What Does Gateway Timeout Mean?
The gateway waited longer than its deadline for an upstream response, so the request timed out at the proxy boundary. The real problem is usually an upstream tail-latency, queueing, or timeout-budget mismatch rather than an instantly broken origin.
Common Causes
- -Gateway timeout budget is 30 seconds while downstream report job regularly needs 45 seconds to finish.
- -VPC DNS latency plus cold start delay exceeds load balancer idle timeout before first upstream byte returns.
- -Service chain lacks propagated deadline and waits on third-party API indefinitely until edge timer expires.
- -Database or connection pool contention delays request execution so long that the gateway deadline fires before work really starts.

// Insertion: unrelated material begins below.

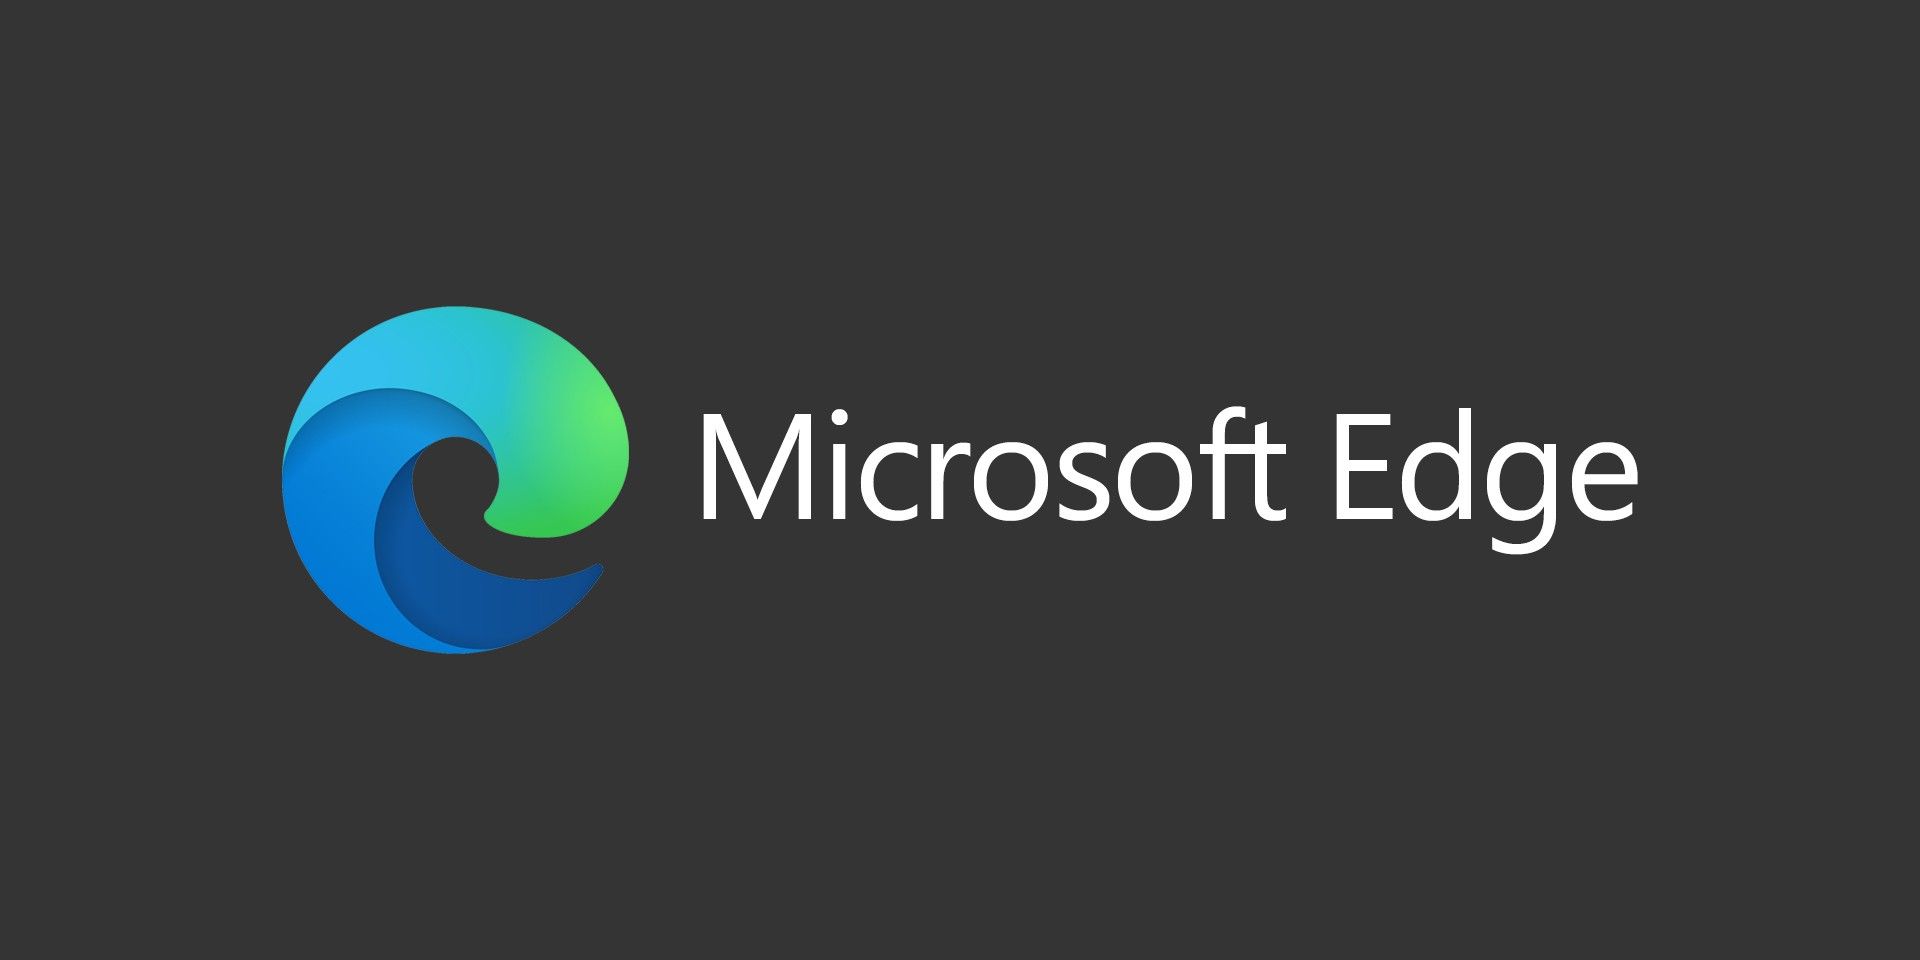 https://static1.srcdn.com/wordpress/wp-content/uploads/2019/12/Microsoft-Edge-New-Logo-2019-Gray.jpg

- -Retry fan-out or dependency brownout inflates p95 and p99 latency until the proxy times out first.
How to Fix Gateway Timeout
- 1Identify the slow upstream hop and reduce tail latency (query optimization, pool tuning, dependency fan-out reduction).
- 2Align timeout ladder across client, gateway, and upstream so deadlines are monotonic and intentional.
- 3Move long-running operations to async workflows instead of blocking gateway request deadlines.
- 4Apply bounded failover or circuit-breaking so one degraded dependency cannot consume the full timeout budget for every request.
Step-by-Step Diagnosis for Gateway Timeout
- 1Capture end-to-end trace timings and isolate which upstream span exceeds gateway timeout.
- 2Compare timeout settings across all hops and detect cases where intermediary deadlines are shorter than upstream work.
- 3Inspect queueing, thread pool wait, and connection pool contention on slow upstream services.
- 4Check whether retries or downstream fan-out consume most of the deadline before the final upstream hop begins useful work.
- 5Retest with controlled load and adjusted timeout budgets to confirm the timeout source is removed.
Seen in Production
- -Report endpoint returns 504 after a deploy because the new aggregation query pushes p99 latency above the load balancer 30-second idle timeout.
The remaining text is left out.